Additionally, the VENTANA PD-L1 (SP263) Assay was approved by the FDA as a complementary diagnostic to provide PD-L1 status for patients with mUC being considered for treatment with durvalumab. The test evaluates patient PD-L1 status using both tumor and immune cell staining and scoring within the tumor microenvironment, providing clinicians with information that may guide treatment decisions. Understanding the expression of PD-L1 in tumors can help identify patients most likely to benefit from immunotherapy.

 

The recommended dose of durvalumab is 10 mg/kg body weight administered as an IV infusion over 60 minutes every 2 weeks until disease progression or unacceptable toxicity.

 

The accelerated FDA approval of durvalumab, a human monoclonal antibody that blocks PD-L1, is based on data from Study 1108. This phase I/II trial evaluated the safety and efficacy in patients with locally advanced or mUC of the bladder. Patients had progressed while on or after a platinum-containing chemotherapy, including those who progressed within 12 months of receiving therapy in a neoadjuvant or adjuvant setting.

 

In the trial, durvalumab demonstrated rapid and durable responses, with an objective response rate of 17.0 percent (95% confidence interval [CI]: 11.9; 23.3) in all evaluable patients, regardless of PD-L1 status, and 26.3 percent (95% CI: 17.8; 36.4) in patients with PD-L1 high-expressing tumors (as determined by the VENTANA PD-L1 (SP263) Assay).

 

PD-L1 high was defined as >=25 percent of tumor cells (TC) or tumor-infiltrating immune cells (IC) expressing membrane PD-L1 if ICs involved >1 percent of the tumor area, or TC>=25 percent or IC=100 percent if ICs involved <=1 percent of the tumor area. Additionally, approximately 14.3 percent of all evaluable patients achieved partial response and 2.7 percent achieved complete response. Of patients who had received only neoadjuvant or adjuvant therapy prior to trial entry, 24 percent (n=9) responded. Based on a secondary endpoint in this single-arm trial, median time to response was 6 weeks.

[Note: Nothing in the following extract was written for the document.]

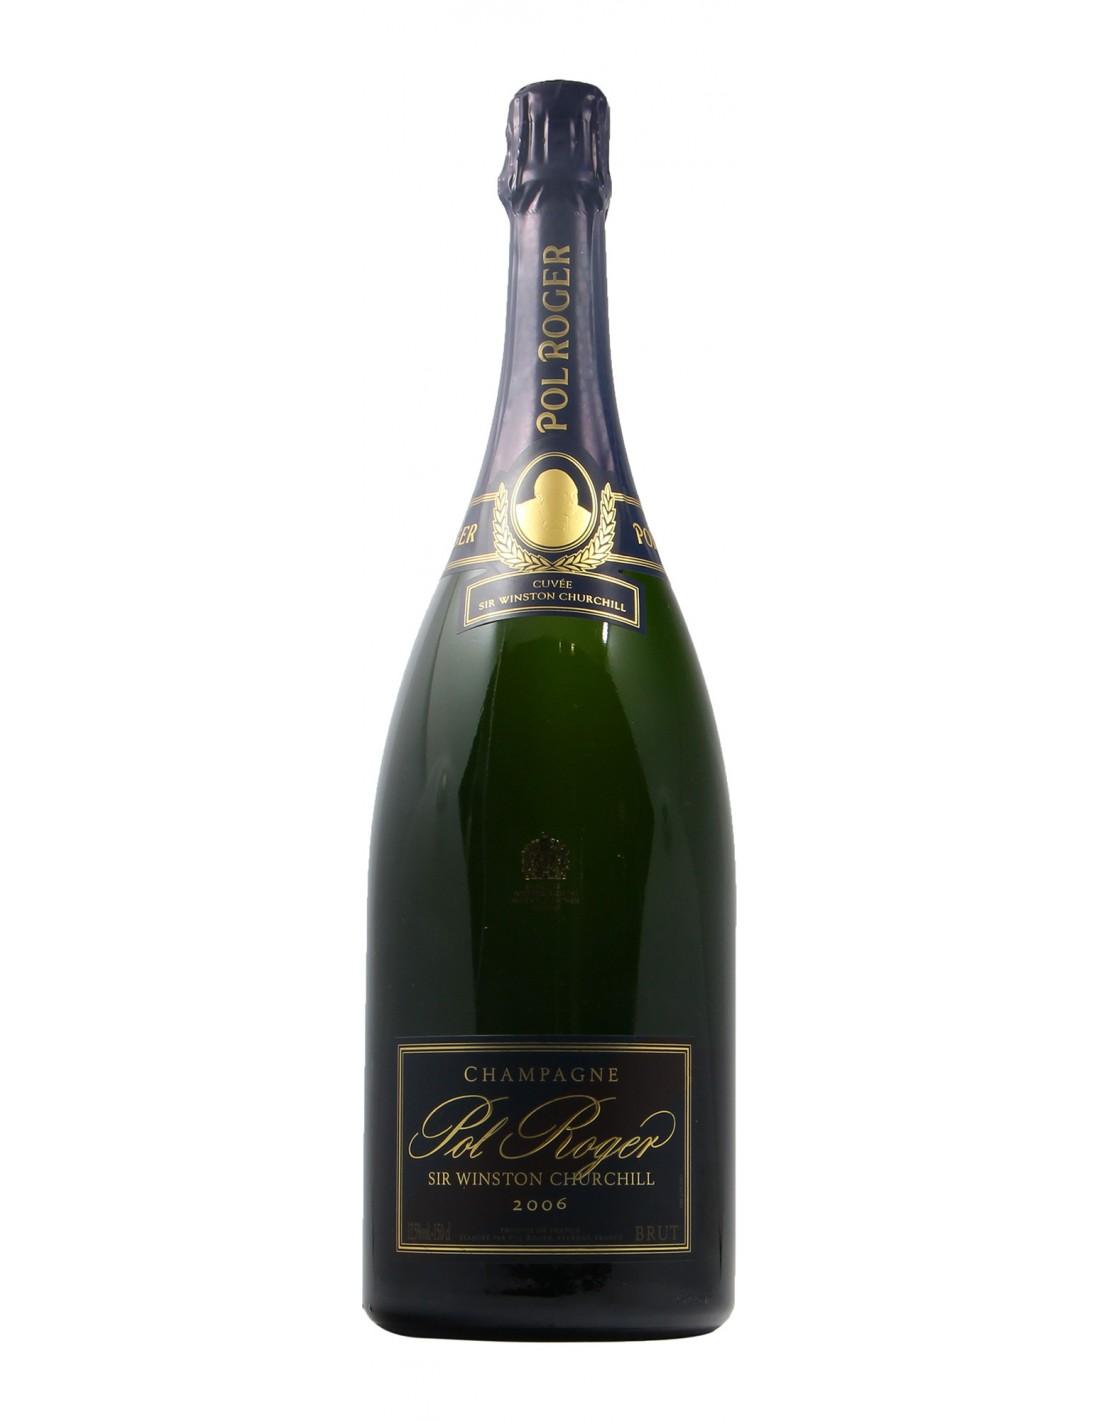 Champagne Winston Churchill Magnum 2006 POL ROGER GRANDI

Among the total 31 responding patients, 14 patients (45%) had ongoing responses of 6 months or longer and five patients (16%) had ongoing responses of 12 months or longer.

 

Patients should be monitored for immune-mediated adverse reactions including pneumonitis, hepatitis, colitis, endocrinopathies (including adrenal insufficiency, hypophysitis, or type 1 diabetes mellitus), nephritis, rash, thrombocytopenic purpura, infection, infusion-related reactions, or embryo-fetal toxicity.